Work task
Once the line with "#8021 Black leather" is found, repeat it and all later lines exactly through the end of the listing below, with the pictures left out.

*** Information shown Section Begins ***

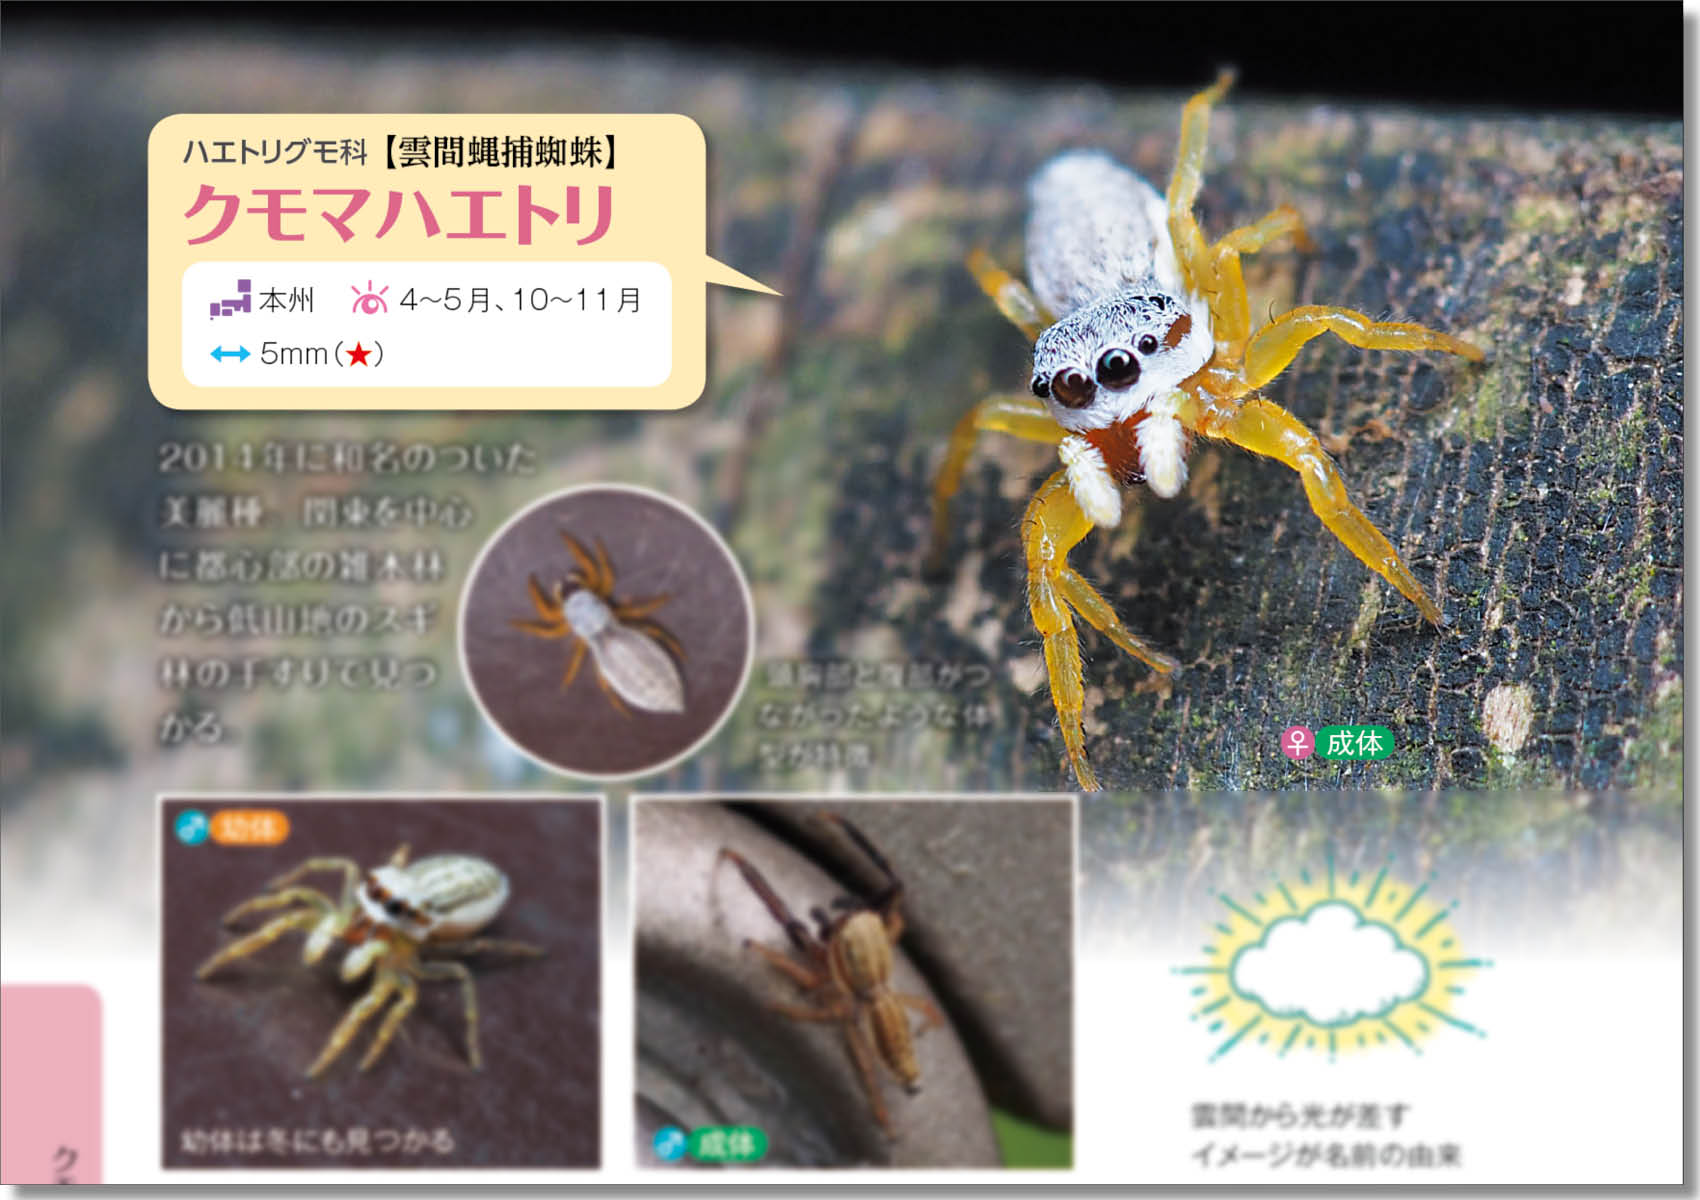 新種発見 ハエトリグモ博士と手すりの虫を観察してみた 記事カテゴリ Buna Bun Ichi Nature Web Magazine 文一総合出版
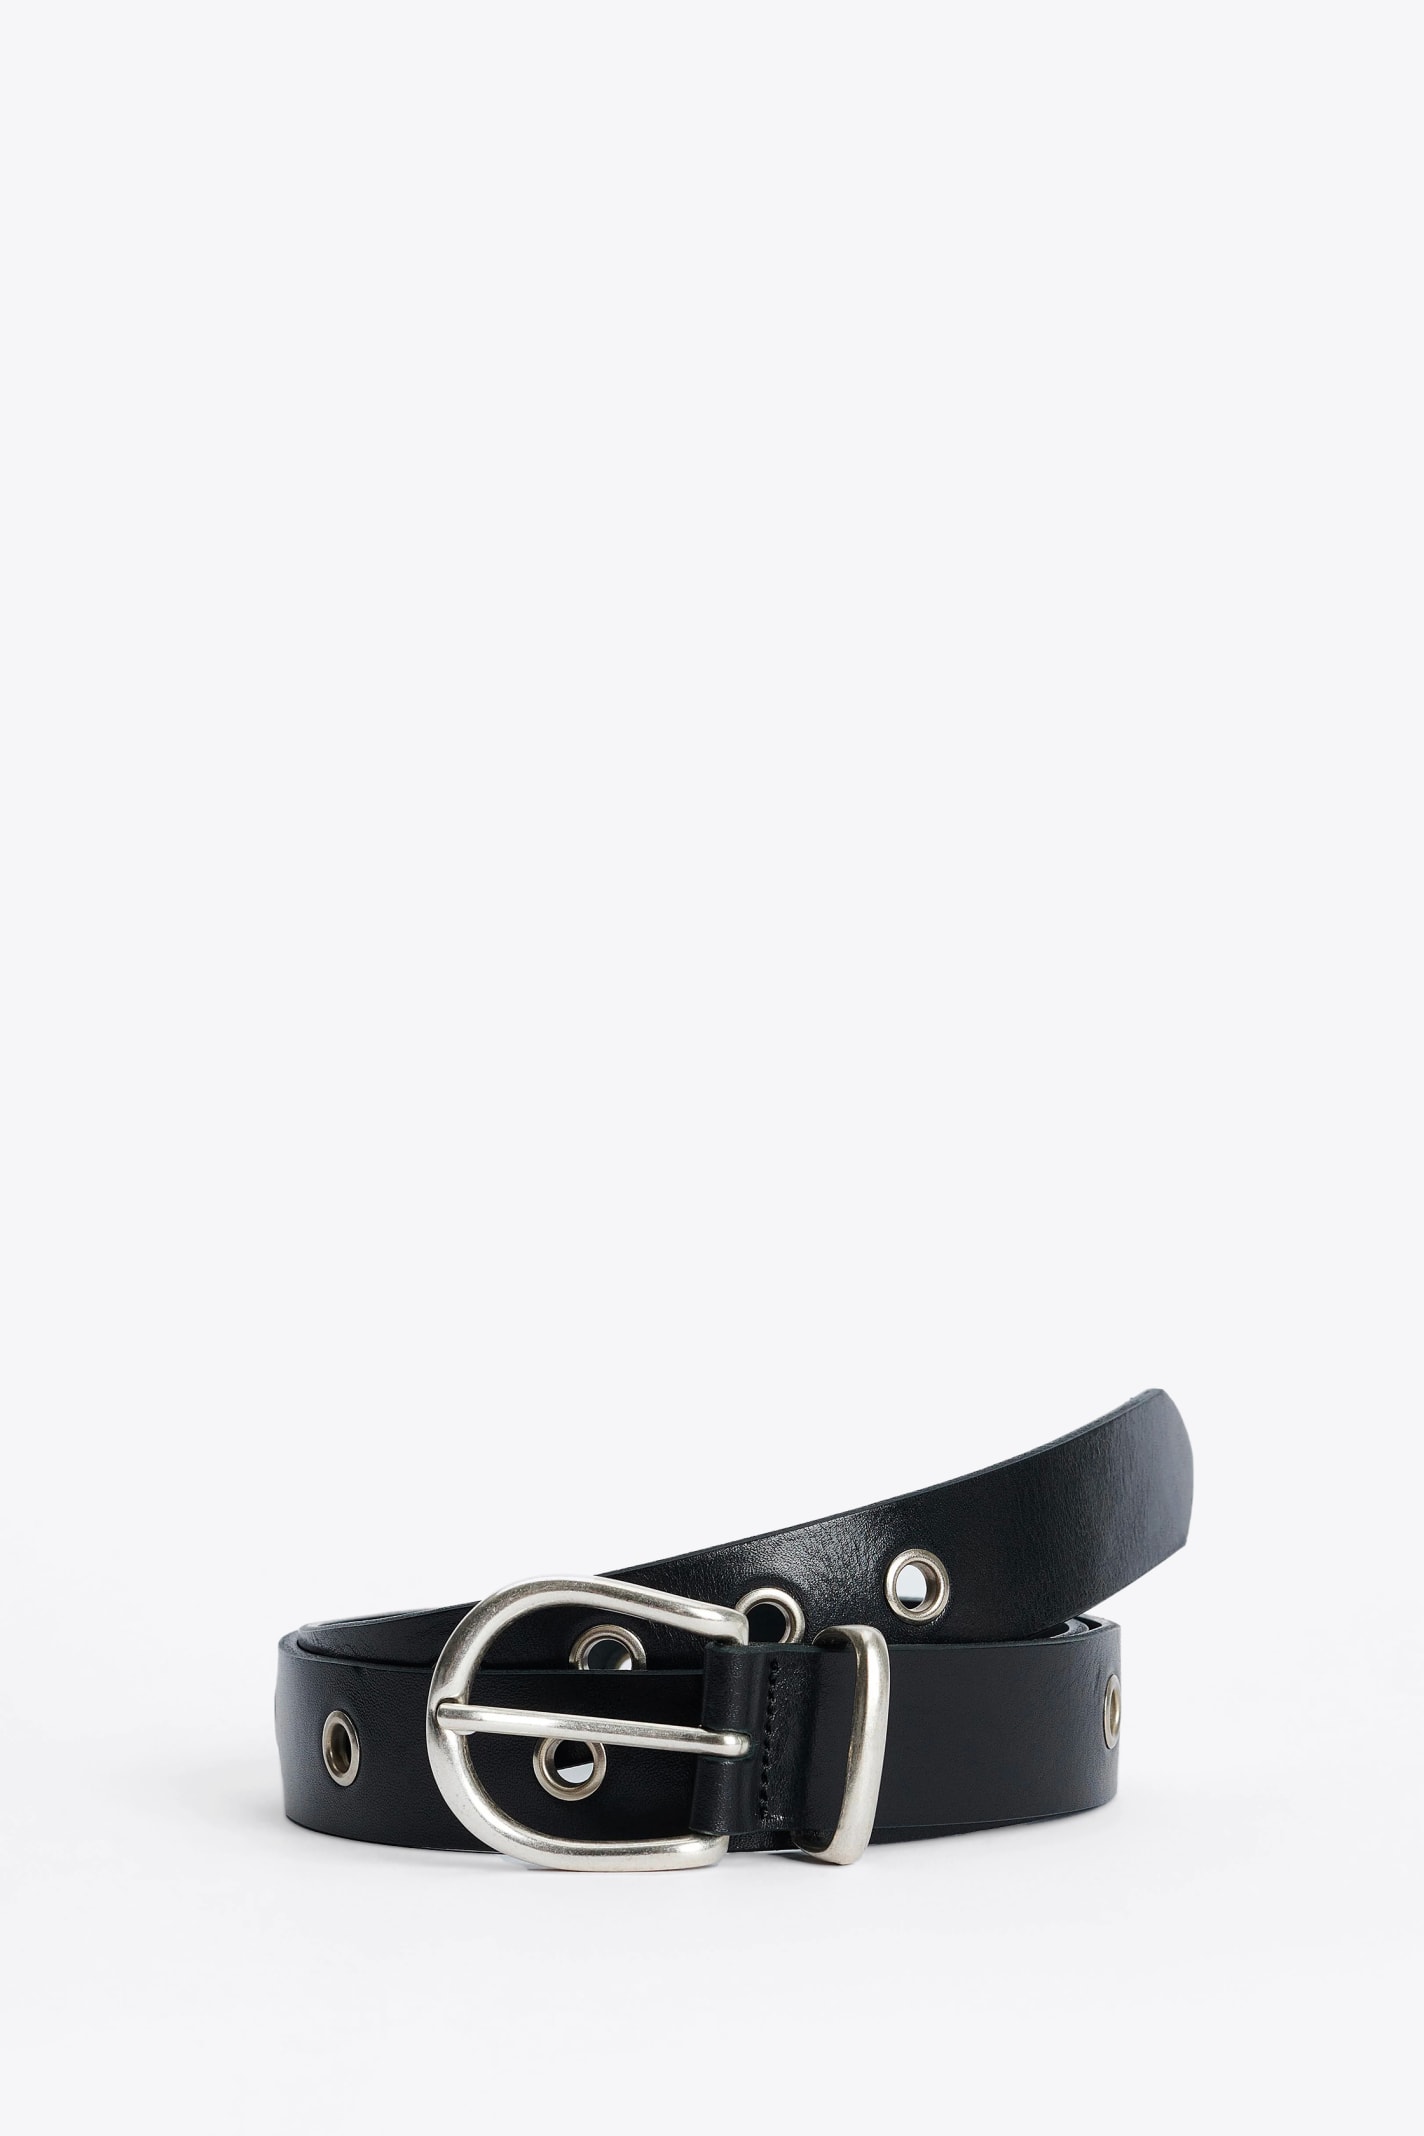 #8021 Black leather belts with metal eyelets - Eyelet Belt 3cm
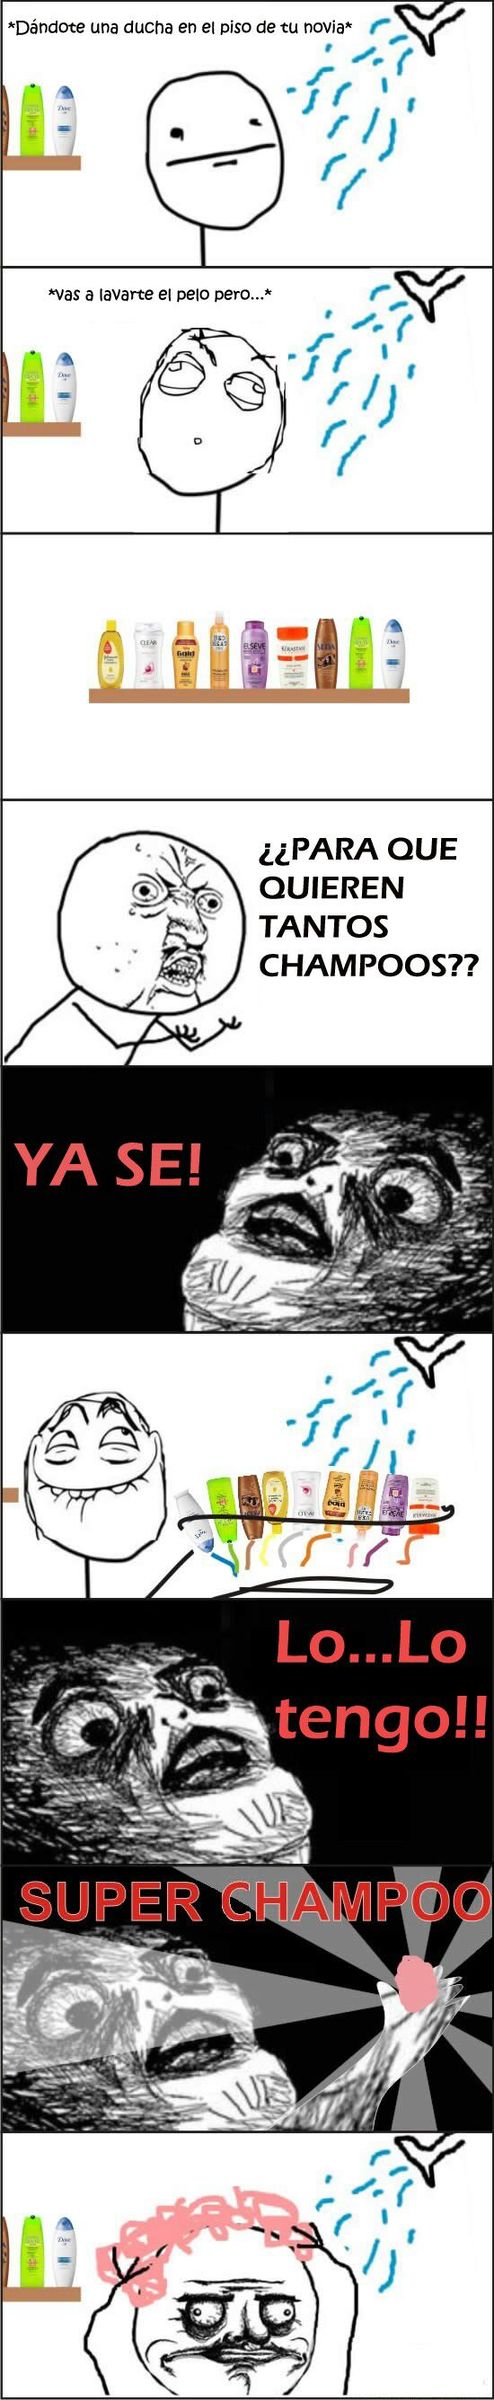 super shampoo! jeje - meme

*** Information shown Section Ends ***

Your response
 #8021 Black leather belts with metal eyelets - Eyelet Belt 3cm
 super shampoo! jeje - meme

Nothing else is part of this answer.